A public college in New York City is offering an undergraduate class called the "Abolition of Whiteness," adding to what critics say is a growing number of courses aimed at the study of "whiteness" at colleges and universities around the country.
Hunter College -- a public school in Manhattan that is part of the City University of New York -- is advertising a course in its Fall 2017 catalog that examines "how whiteness – and/or white supremacy and violence – is intertwined with conceptions of gender, race, sexuality, class, body ability, nationality, and age."
The "Abolition of Whiteness," taught by Prof. Jennifer Gaboury, can be taken as either a women and gender studies course or a political science class, according to the school's online course catalog.
The class has drawn ire on conservative media sites, such as the Daily Caller and Campus Reform, where some readers expressed outrage over the course's title. Critics say the course is part of a rise in white studies classes in higher education, which they claim are "divisive" and detrimental to student learning.
"These courses really pound a wedge between people based on race," said Arizona State Rep. Bob Thorpe, who had tried to ban a course at Arizona State University called "Whiteness and Race Theory."
"They're not bringing people together and creating unity on the college campus," Thorpe told Fox News.
"The taxpayers are funding these kinds of courses as well," said Thorpe, claiming, "You're not really seeing these classes in private institutions."
But educators and those who work in academia say such classes are being distorted and critics are failing to recognize a fundamental purpose of higher education: to make students think for themselves.
"Academic freedom protects the right for people to teach things that some might consider divisive," said Hans-Joerg Tiede of the American Association of University Professors.
"A provocative title may encourage students to really think about the issues," said Tiede, who likened criticizing course titles -- like the one at Hunter College -- to judging a book by its cover.
These courses really pound a wedge between people based on race.
Georgetown University, for instance, a private Catholic school, offers a popular theology course called, "The Problem of God," which "grapples with deep and difficult questions about life, meaning purpose and fulfillment," according to Georgetown's website.
"It explores the notion of God and fundamental aspects of belief in such a being," says the school, where theology courses are a requirement for undergraduate students.
"I am sure there may be people who look at Georgetown’s course catalog and consider the class title to be offensive," noted Tiede.
Tiede said he was not familiar with the "Abolition of Whiteness" course being offered at Hunter College but said the class was likely reviewed by a committee of people before it was approved. Neither the school nor the professor was immediately available for comment when contacted by Fox News. A syllabus for the course was not available online.
"A course like this could investigate a number of issues regarding race relations in the United States," Tiede said.

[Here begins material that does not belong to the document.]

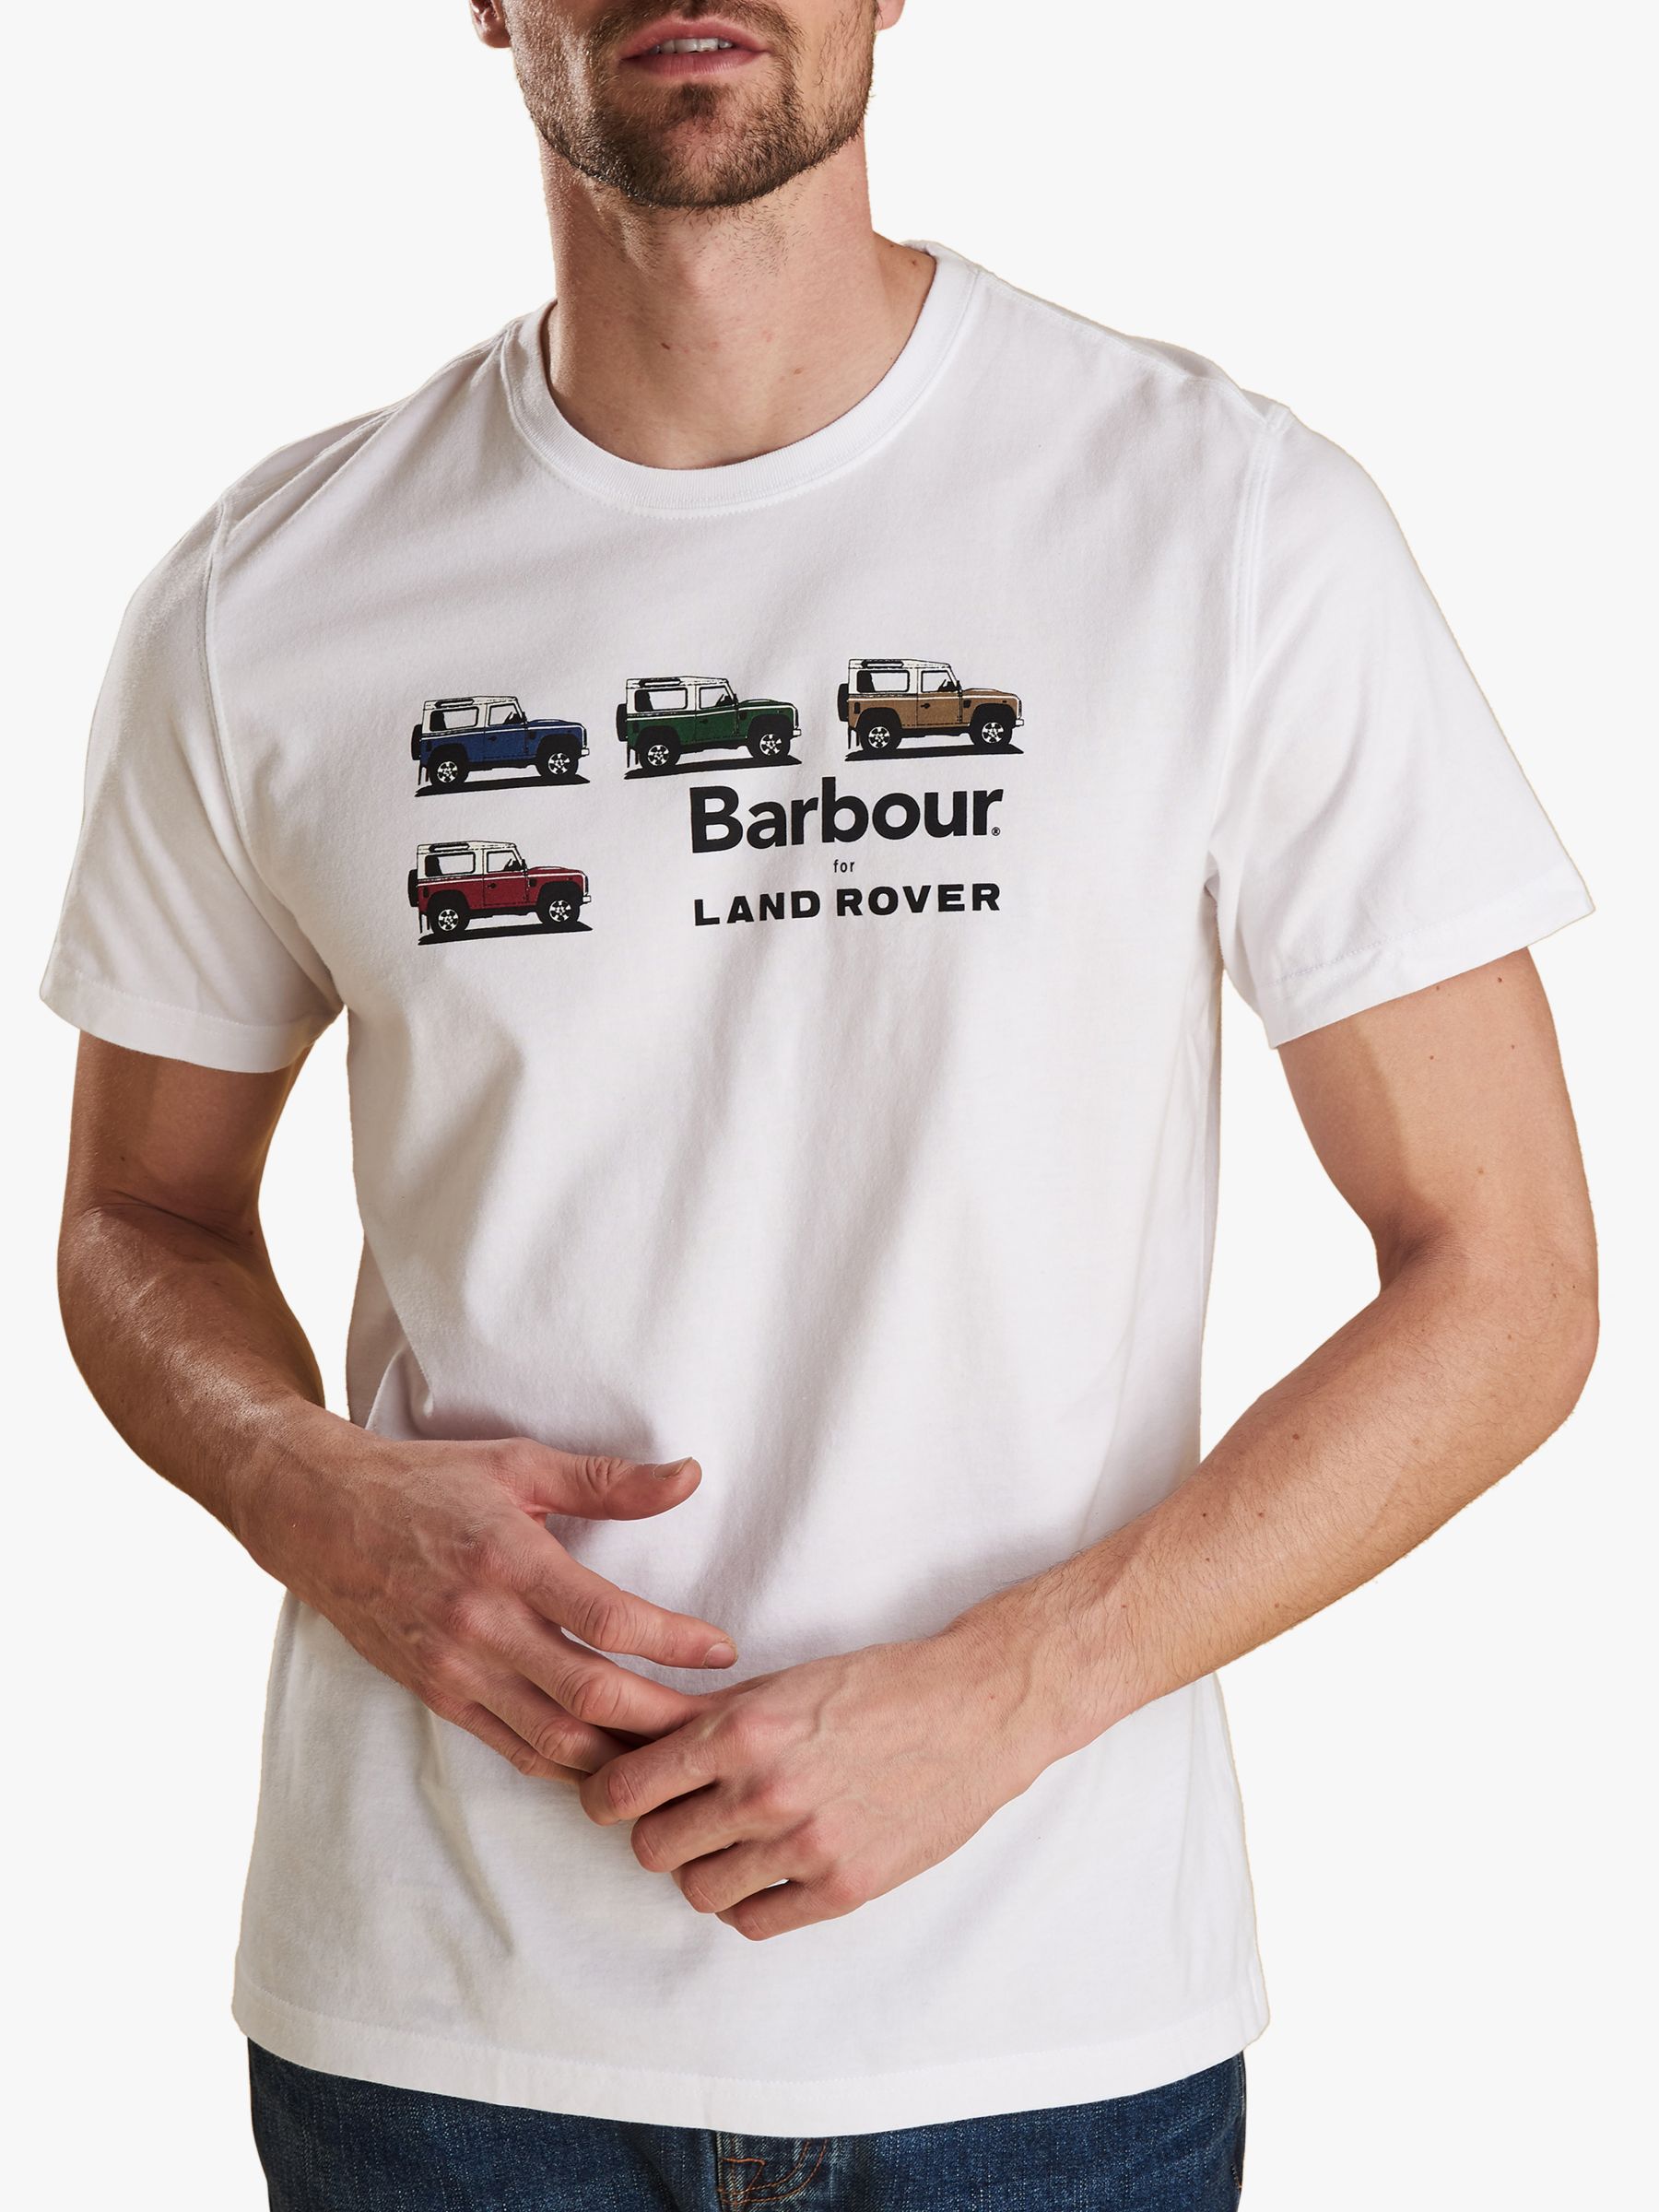 barbour defender t shirt online

"Unfortunately, you have a far-right, outrage machine out there that is trolling the internet for titles that may upset some readers and to use that to sort of stoke resentment against higher education," added Tiede. "I’m not questioning the right to do that – I just don't think it’s productive or promotes the rights that higher education seeks to encourage."
Thorpe, meanwhile, disagrees, saying such "white studies" courses only reinforce prejudices -- and may in some cases spur violence -- against a particular group.

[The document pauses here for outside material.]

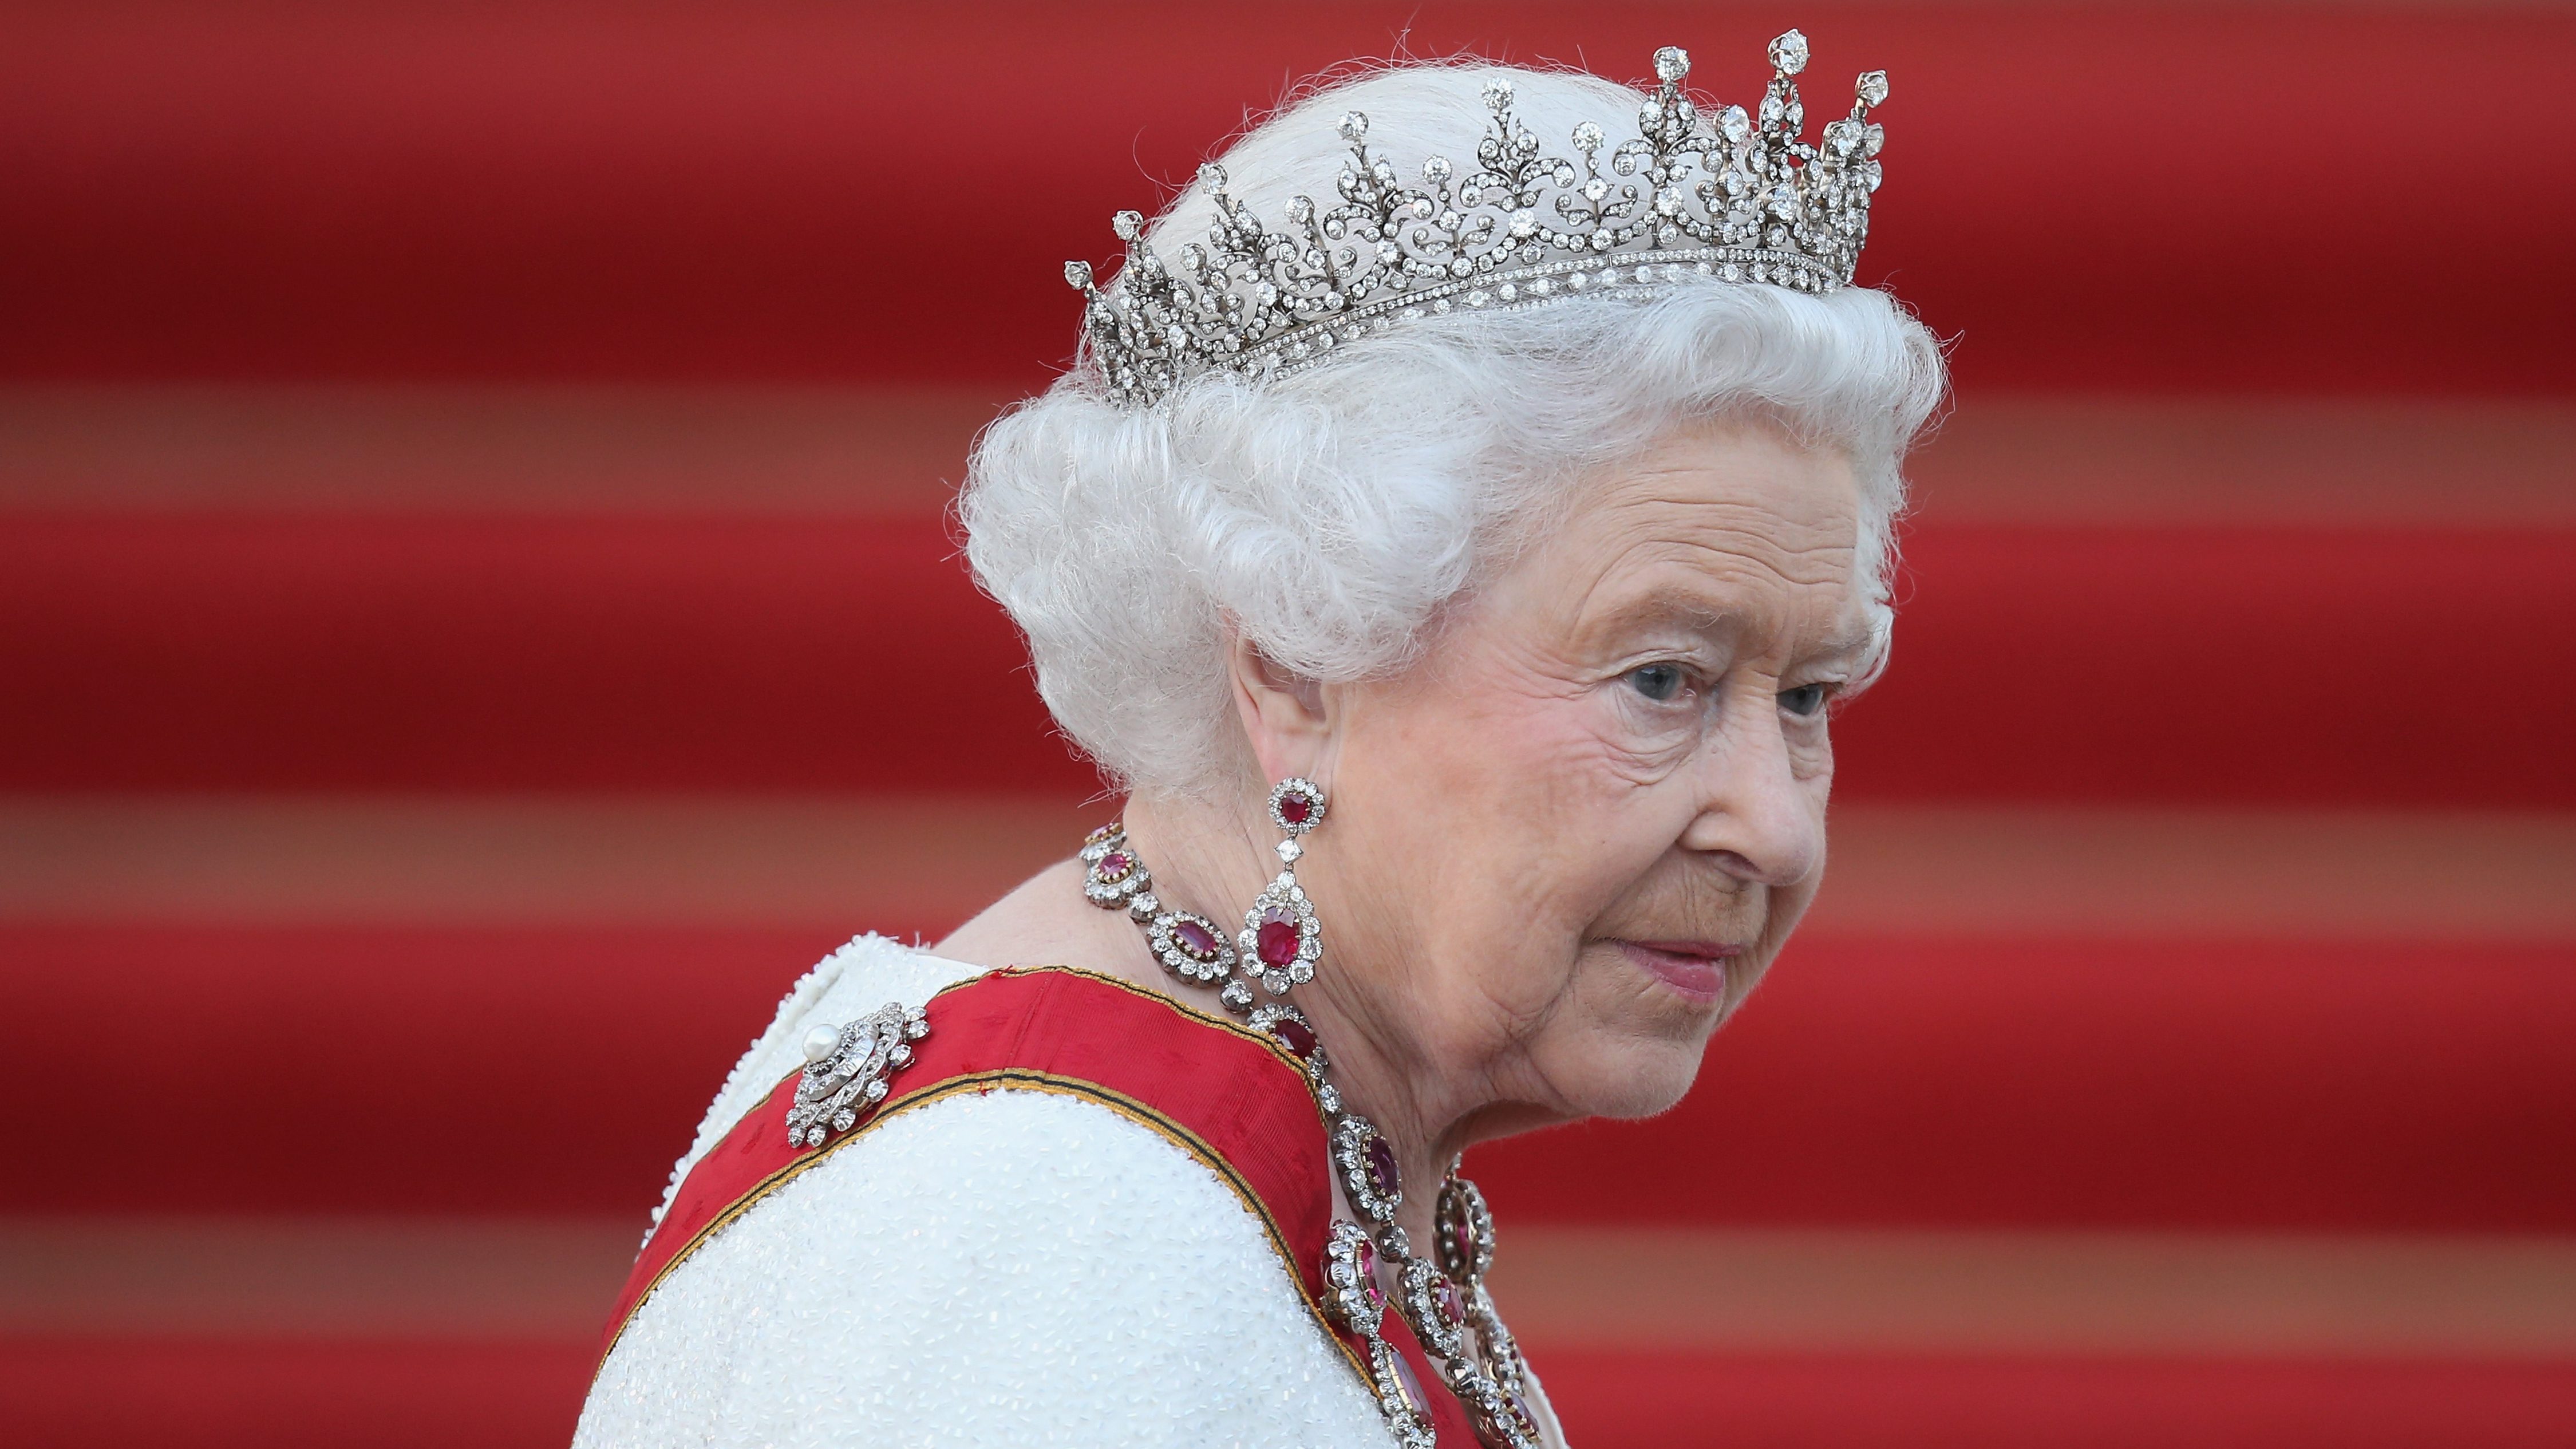 Nem ült fel ugyan a vastrónra, de a sajátját már hetven éve foglalja el II. Erzsébet

Thorpe and other critics note that such "polarizing" courses on white studies are on the rise across higher education institutions around the country.
A class at Ohio State University, titled "Crossing Identity Boundaries," teaches students how to detect microaggressions and white privilege. And the University of Wisconsin-Madison offers a course called, "The Problem of Whiteness," which has been roundly criticized by state Republican lawmakers.
"I am extremely concerned that UW-Madison finds it appropriate to teach a course called, ‘The Problem of Whiteness,’ with the premise that white people are racist,” Rep. Dave Murphy, chairman of the Wisconsin Assembly’s Committee on Colleges and Universities, told the Milwaukee Journal Sentinel in a December 2016 interview.
"If you had a class that said 'the problem with women' or 'the problem with blacks' it would never happen," Thorpe said of the course at the University of Wisconsin-Madison.
"I think of Martin Luther King's famous words about how we should judge a person based on the content of their character and not the color of their skin," said Thorpe. "You would think that this would be a fairly settled issue but it is not."